🚀 llama-3.1-8B-vision-378
本項目是一個投影模塊,通過SigLIP訓練為Llama 3賦予視覺能力,隨後應用於Llama-3.1-8B-Instruct。由 @yeswondwerr 和 @qtnx_ 構建。
📄 許可證
本項目使用的許可證為 llama3.1。
📦 數據集
- liuhaotian/LLaVA-CC3M-Pretrain-595K
🚀 快速開始
本模型的pipeline標籤為 image-text-to-text。
💻 使用示例
基礎用法
import torch
from transformers import AutoModelForCausalLM, AutoTokenizer
from PIL import Image
import requests
from io import BytesIO
url = "https://huggingface.co/qresearch/llama-3-vision-alpha-hf/resolve/main/assets/demo-2.jpg"
response = requests.get(url)
image = Image.open(BytesIO(response.content))

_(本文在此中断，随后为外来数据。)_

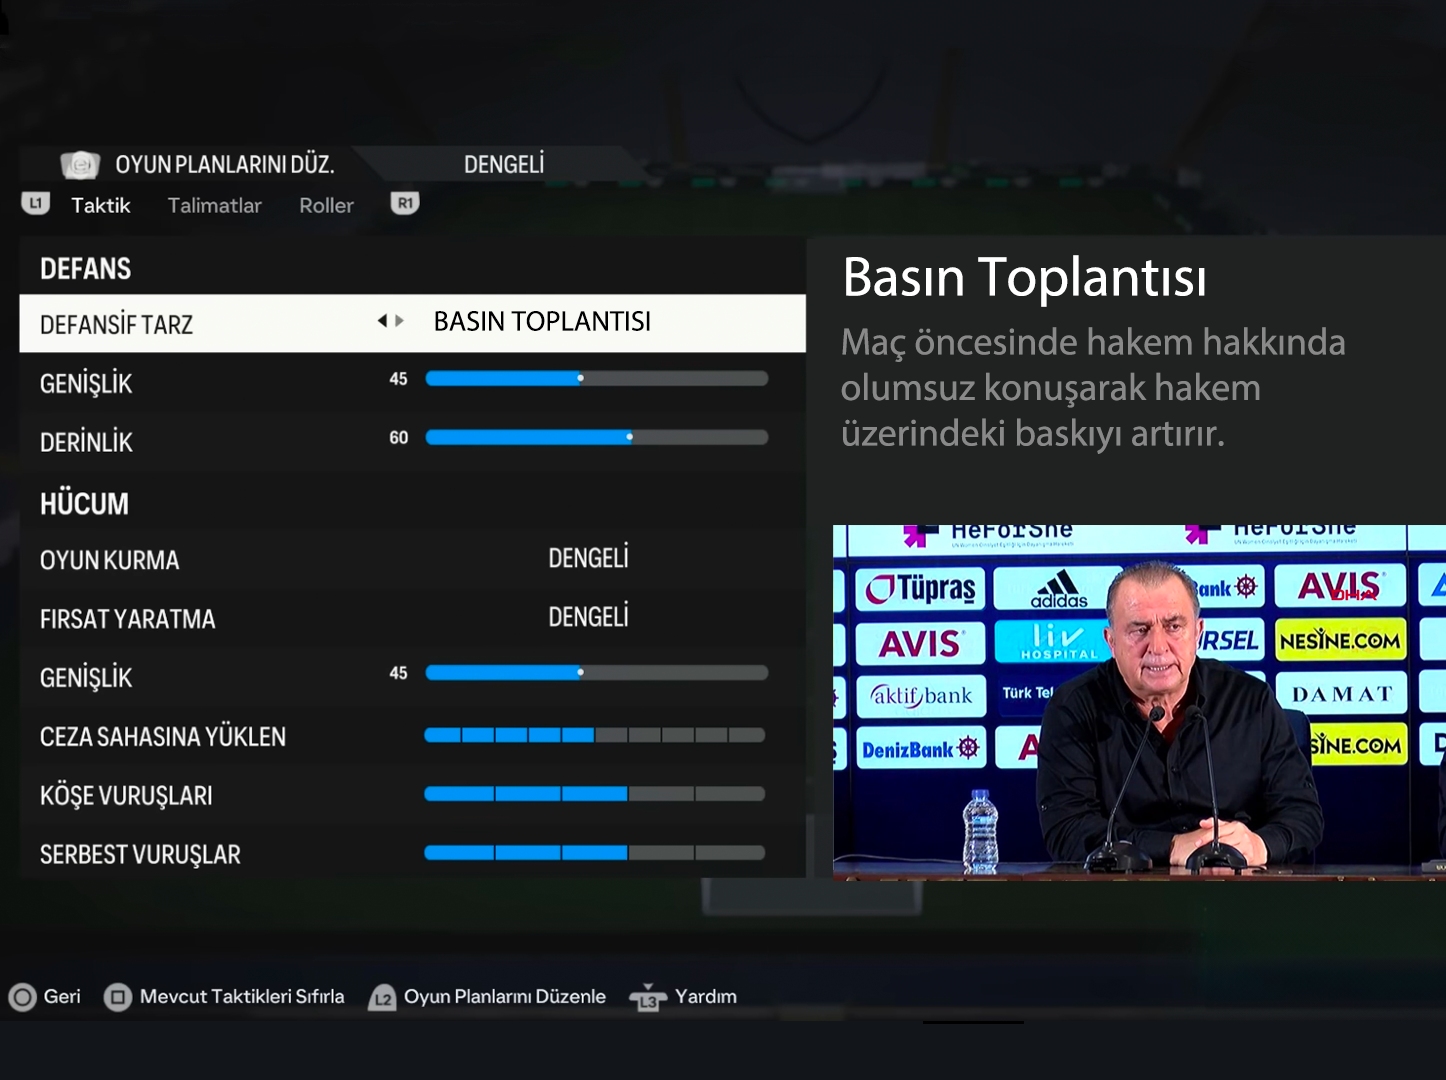 Ulaş Utku Bozdoğan: Böyle Lige Böyle Oyun: FC 24'te Türk Futboluna Özel Modlar ve Taktikler Olsa Nasıl Olurdu? 41

model = AutoModelForCausalLM.from_pretrained(
"qresearch/llama-3.1-8B-vision-378",
trust_remote_code=True,
torch_dtype=torch.float16,
).to("cuda")
tokenizer = AutoTokenizer.from_pretrained("qresearch/llama-3.1-8B-vision-378", use_fast=True,)
print(
model.answer_question(
image, "Briefly describe the image", tokenizer, max_new_tokens=128, do_sample=True, temperature=0.3
),
)
高級用法
import torch
from PIL import Image
from transformers import AutoModelForCausalLM, AutoTokenizer
from transformers import BitsAndBytesConfig
import requests
from io import BytesIO
url = "https://huggingface.co/qresearch/llama-3-vision-alpha-hf/resolve/main/assets/demo-2.jpg"

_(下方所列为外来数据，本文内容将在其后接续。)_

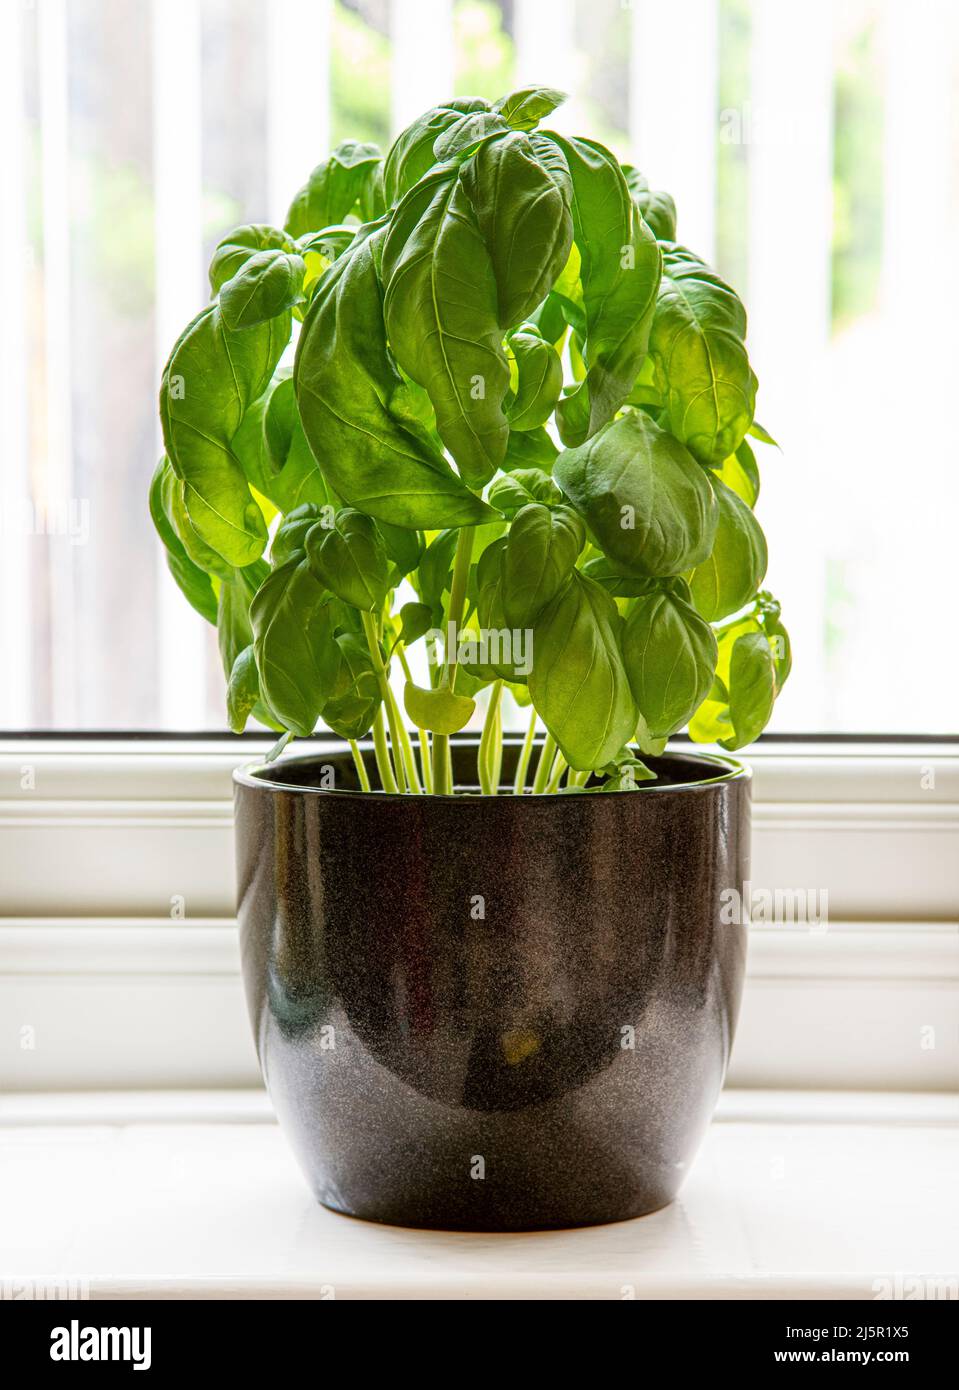 Planta de albahaca que crece en olla en borde de ventana Foto de stock

response = requests.get(url)
image = Image.open(BytesIO(response.content))
bnb_cfg = BitsAndBytesConfig(
load_in_4bit=True,
bnb_4bit_compute_dtype=torch.float16,
llm_int8_skip_modules=["mm_projector", "vision_model"],
)
model = AutoModelForCausalLM.from_pretrained(
"qresearch/llama-3.1-8B-vision-378",
trust_remote_code=True,
torch_dtype=torch.float16,
quantization_config=bnb_cfg,
)
tokenizer = AutoTokenizer.from_pretrained(
"qresearch/llama-3.1-8B-vision-378",
use_fast=True,
)
print(
model.answer_question(
image, "Briefly describe the image", tokenizer, max_new_tokens=128, do_sample=True, temperature=0.3
),
)